Date of Conferral
Doctor of Public Health (DrPH)
Older African American (AA) women are at increased risk for HIV and STDs. The purpose of this quantitative study was to examine the influence of provider-initiated condom use education on condom use among unmarried, heterosexually active AA women aged 50 and over using the constructs of self-efficacy and attitudes of the health belief theoretical model. The relationships between provider education on condom use, condom use self-efficacy, condom use attitudes, and actual condom use were tested individually, and provider education on actual condom use was tested after controlling for condom use self-efficacy and attitudes among 95 study participants recruited primarily from Raleigh-Durham, NC. A 2-tailed sample t test or analysis of covariance was used for analysis.
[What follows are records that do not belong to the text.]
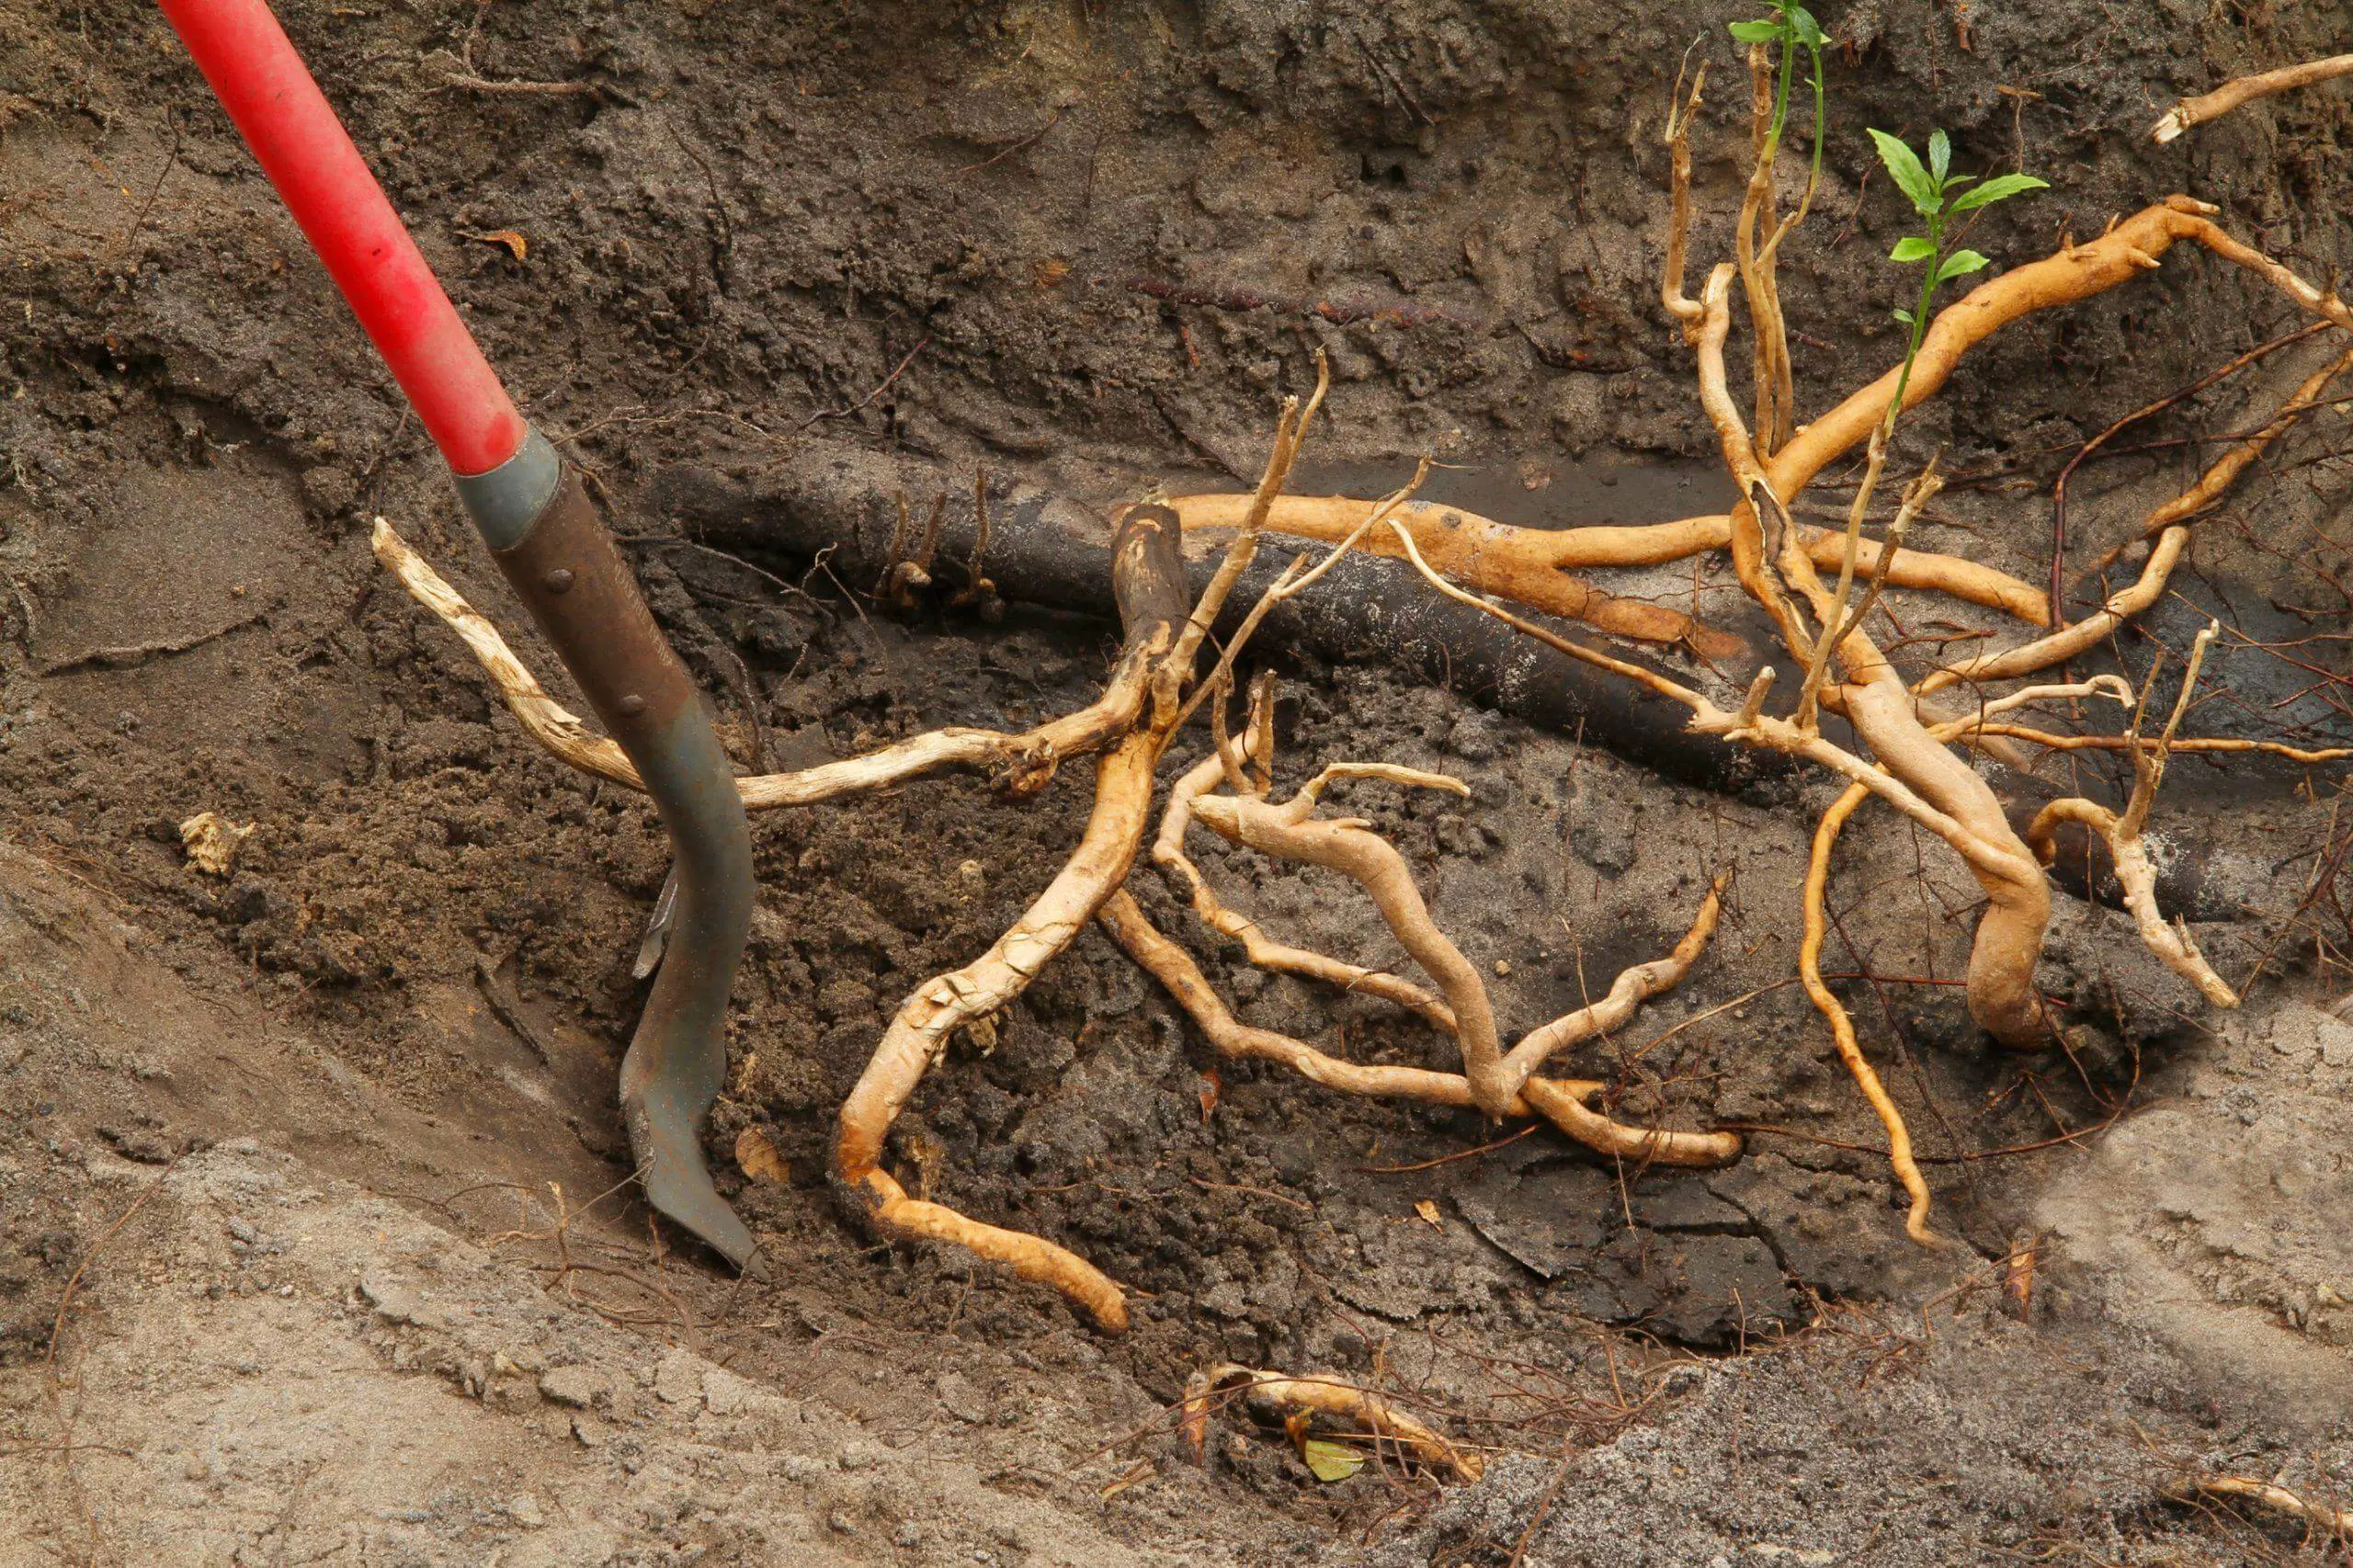 Digging invasive roots out of the garden
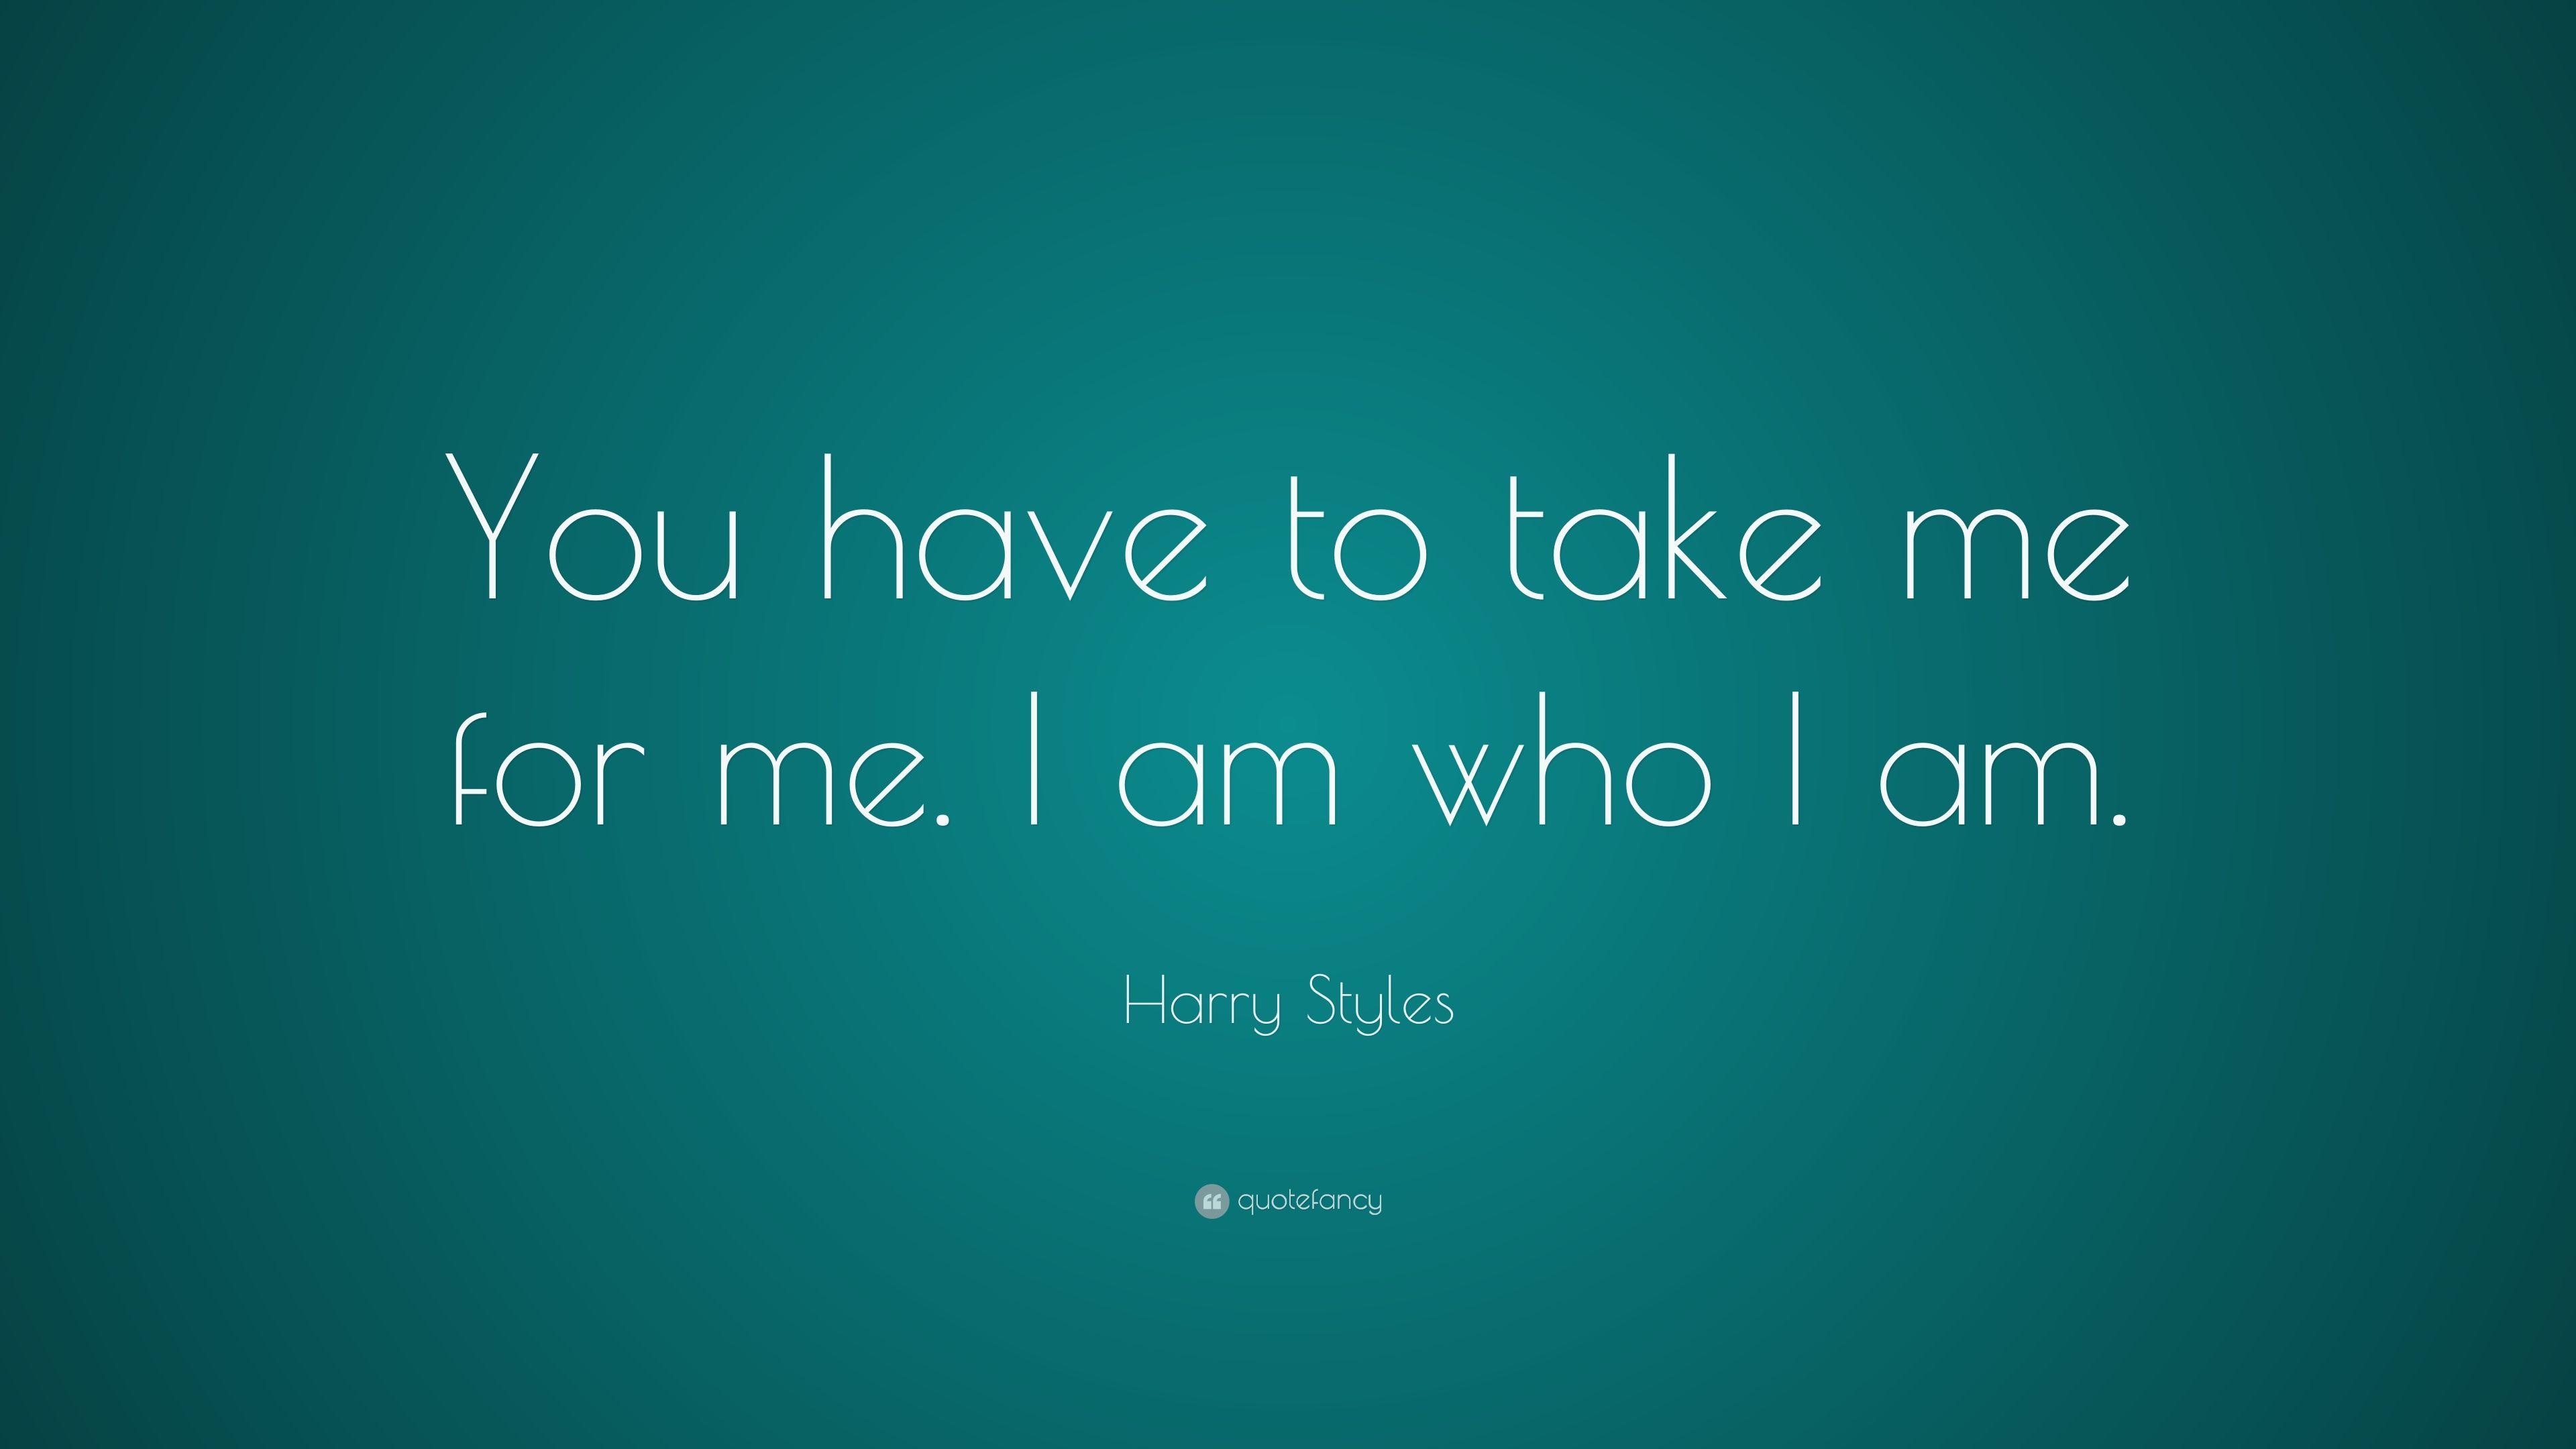 Harry Styles Quote: "You have to take me for me. 
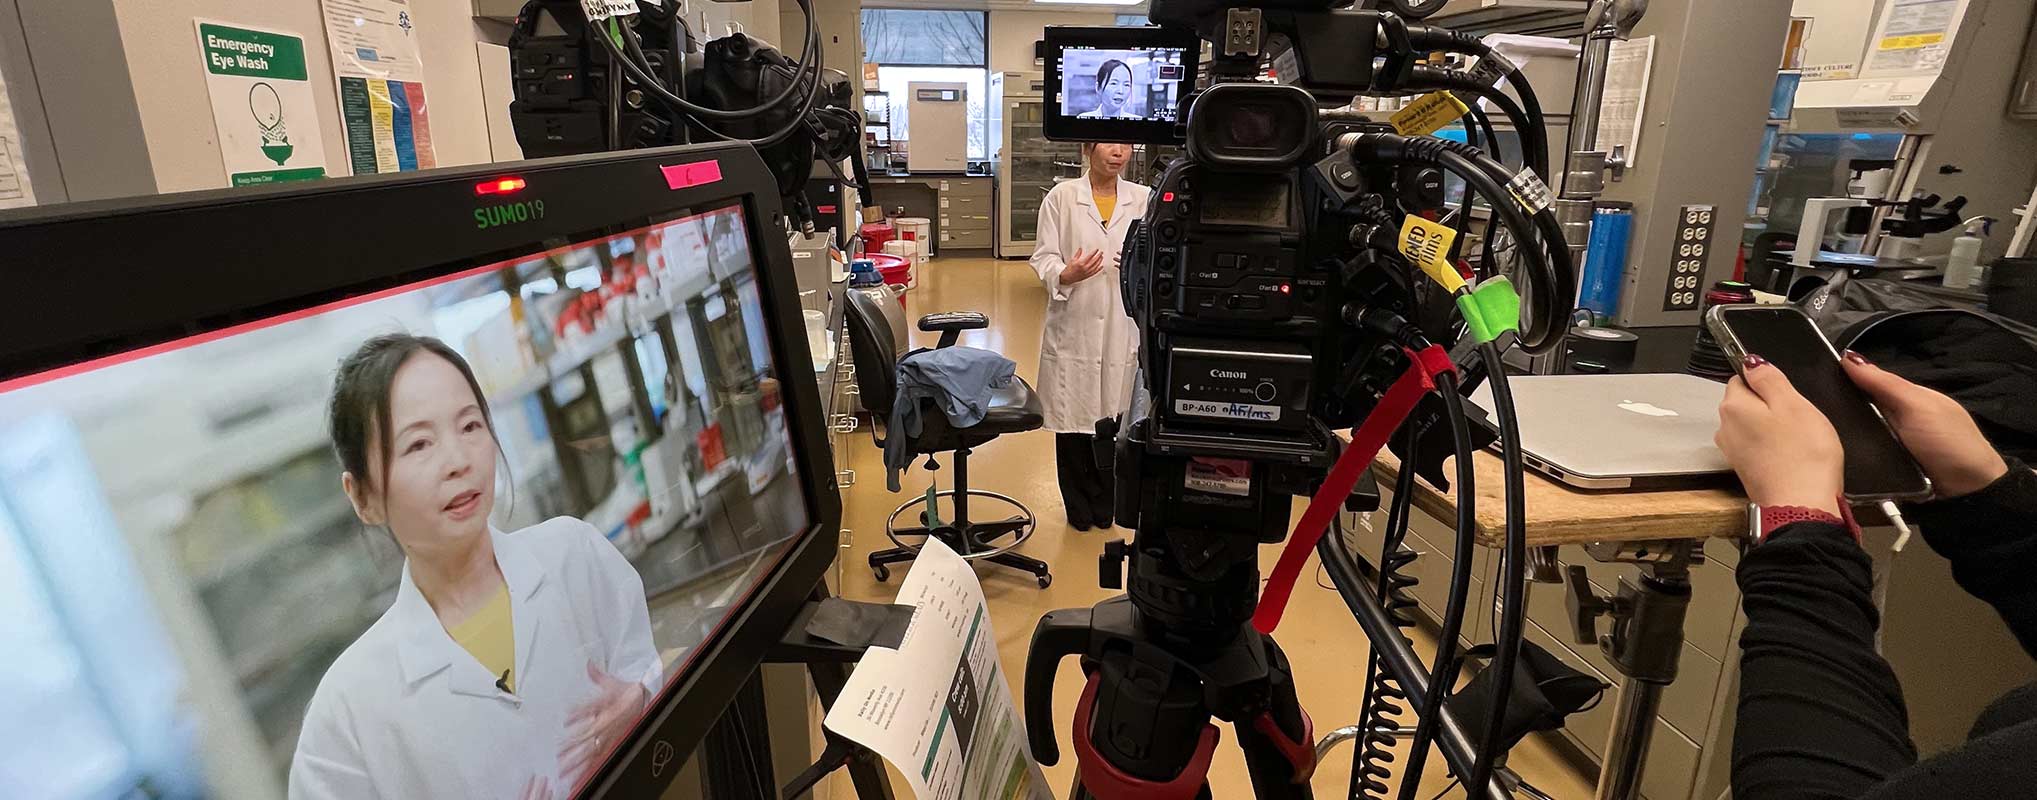 A corporate video production is taking place in a lab with cameras and a monitor

Provider education on condom usage failed to show a benefit with regard to condom usage, condom use self-efficacy, and attitudes toward condom usage. Additionally, women who received provider education on condom use were less likely to use condoms. Possibly these women had a low perception of risk and vulnerability to HIV and STDs, which correlated with lower condom use. The counter intuitive findings could also be related to another variable that was not tested and should spur more research. Results could be used to contribute to the design of an intervention model that specifically addresses the sexual behaviors of older AA women. Results of this study, combined with previous research, can help emphasize the need for improved patient-provider communication so that provider communication produces a more positive outcome and helps limit the spread of HIV and STDs, a limitation that would benefit individuals, whole communities, and the nation.